[Date Prev][Date Next][Thread Prev][Thread Next][Date Index][Thread Index]
Re: [PATCH 1/3 gnumach] vm_map: Fix deadlock in vm code
From: |
Sergey Bugaev |
Subject: |
Re: [PATCH 1/3 gnumach] vm_map: Fix deadlock in vm code |
Date: |
Wed, 21 Feb 2024 22:22:32 +0300 |
On Wed, Feb 21, 2024 at 9:44 PM Samuel Thibault <samuel.thibault@gnu.org> wrote:
> Damien Zammit, le mer. 21 févr. 2024 13:45:59 +0000, a ecrit:
> > Authored-by: Sergey Bugaev <bugaevc@gmail.com>
> IIRC you got to see which kind of deadlock we are protecting from here?
> I'd be very useful to document it here, so next people reading this get
> to know.
I didn't document the exact deadlock in the code, since the deadlock
is only a manifestation of the actual issue, the actual issue being
that the entry was being modified by other threads while accessed
inside vm_fault_wire(). This is -- for one thing, technically
undefined behavior -- but also will _of course_ break any kind of
logic that works with the entry's offset / address range. It could be
worse than a deadlock. So what I wanted to emphasize in the code is
that we should make sure the entry is not concurrently read and
modified, and I was going to describe the actual deadlock we've
witnessed in the commit message.
So let's go with that; I'll re-send this patch myself with a detailed
commit message and reworked comment.
> > [...] We trust that the
> > * kernel threads are well-behaved, and therefore will
> > * not do anything destructive to this region of the map
> > * while we have it unlocked.
>
> Are we not here precisely in the case that they are not well-behaved?
No. The threads are well-behaved, but turns out that's not quite
enough, because, as the new comment says, in the face of clipping and
coalescing entries, even well-behaved, well-intentioned operations on
*adjacent* VM regions can affect the same entry -- in fact, the entry
can get freed altogether if it gets coalesced into the previous entry,
why would create a use-after-free.
> The comment probably deserves an update, to make the situation cler.
I thought it was clear enough, but evidently it wasn't. I'll amend it.
> > + * Once we unlock the map, even well-intentioned operations
> > + * on adjacent VM regions can end up affecting our entry,
> > + * due to clipping and coalescing entries. So, make a
> > + * temporary copy of the entry, and pass that to vm_fault_wire()

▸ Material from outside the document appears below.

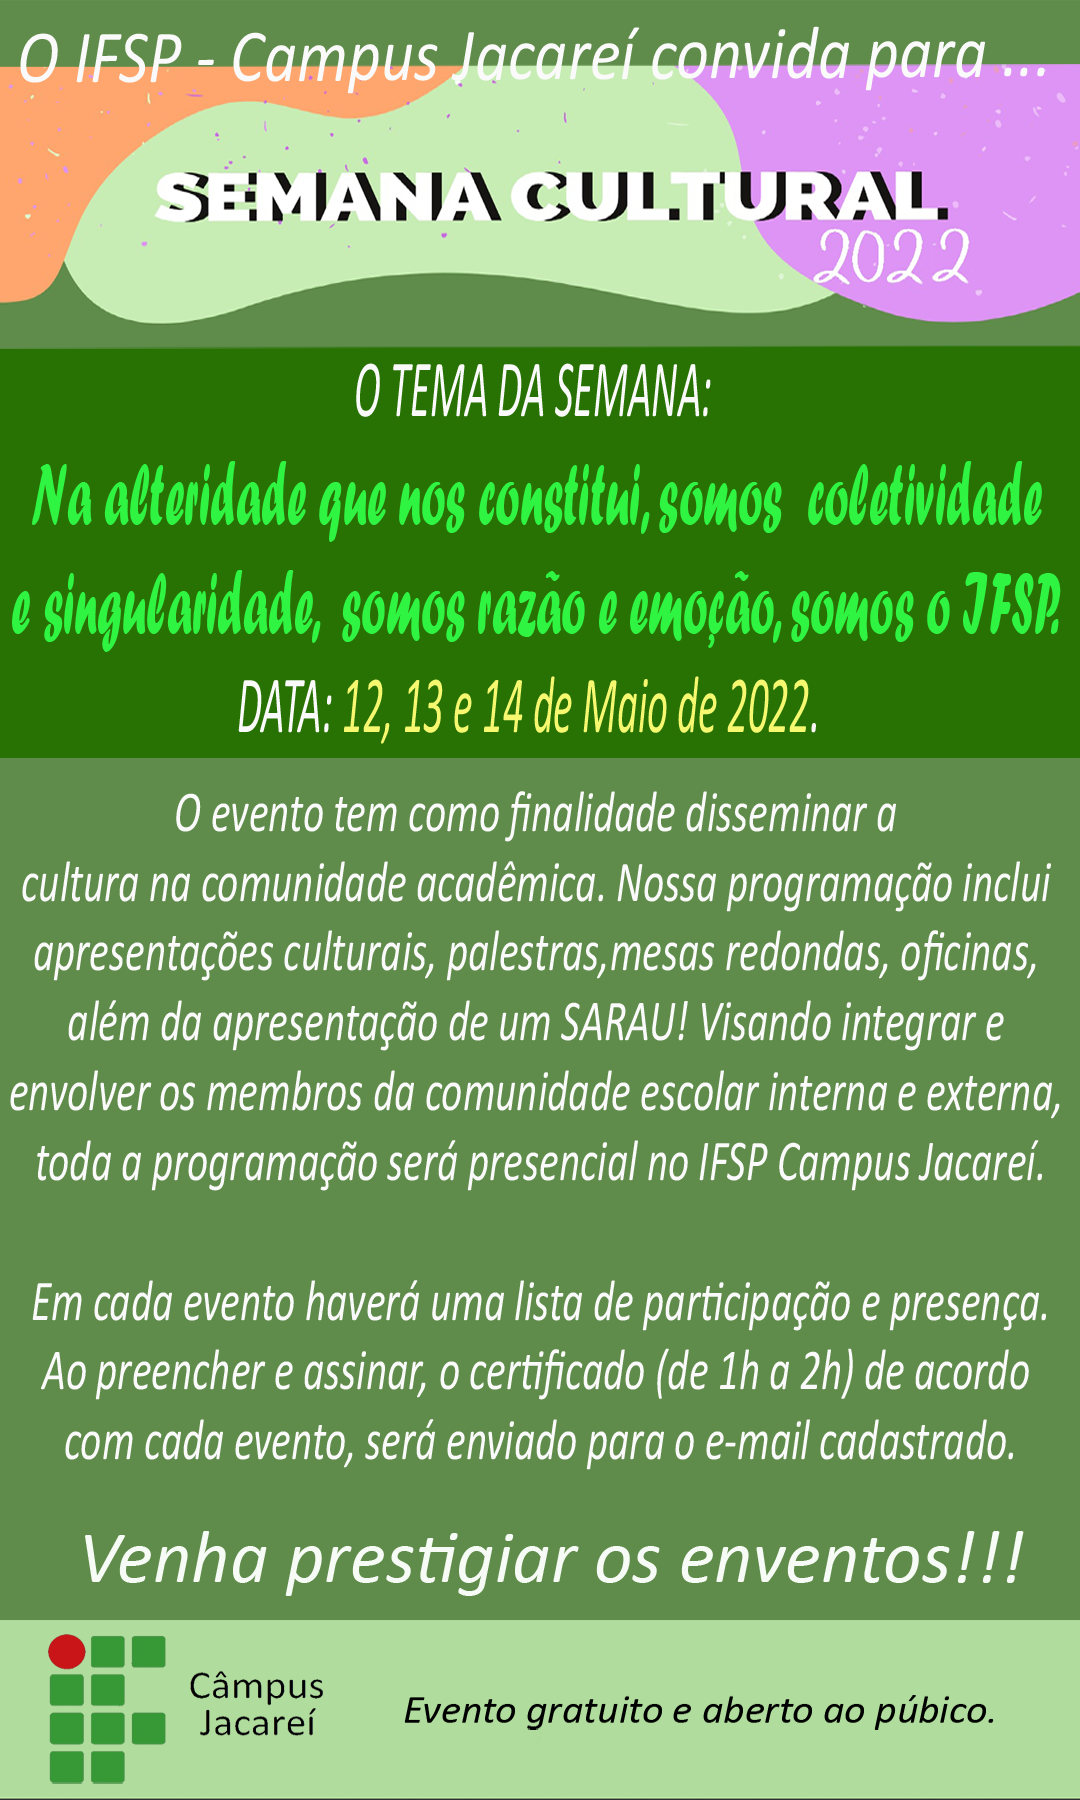 Foto de Semana Cultural IFSP-JCR 2022 - Técnica Vocal

> > + * instead of the original.
>
> We need to be very careful with such a thing. If it's a copy that is
> given to further function calls, we need to make sure that they won't
> try to modify it, i.e. add const qualifiers on the entry parameter all
> along to vm_fault_wire and its callees being passed entry.
That's a good idea, yes.
>
> That being said, this doesn't seem completely safe to me: in the end
> vm_fault_wire_fast uses the object field, are we sure that the object
> won't disappear? Or are we sure it won't because "kernel threads are
> well-behaved"? (but I don't really know how we are sure of this, so this
> probably also deserves documenting).
We are sure because kernel threads (or rather, any threads running in
the kernel) are well-behaved, yes. We trust that they won't unmap the
mapping while it's being wired, and the mapping (the entry) keeps the
object alive.
But... now that I think of it, we do also coalesce objects. So we
better keep a second reference on the object over vm_fault_wire
indeed.
> > + *
> > * HACK HACK HACK HACK
> > */
> > if (vm_map_pmap(map) == kernel_pmap) {
> > + /*
> > + * TODO: Support wiring more than one entry
> > + * in the kernel map at a time.
> > + */
> > + assert(start->vme_next == end);
>
> Are we sure that this currently is never to happen?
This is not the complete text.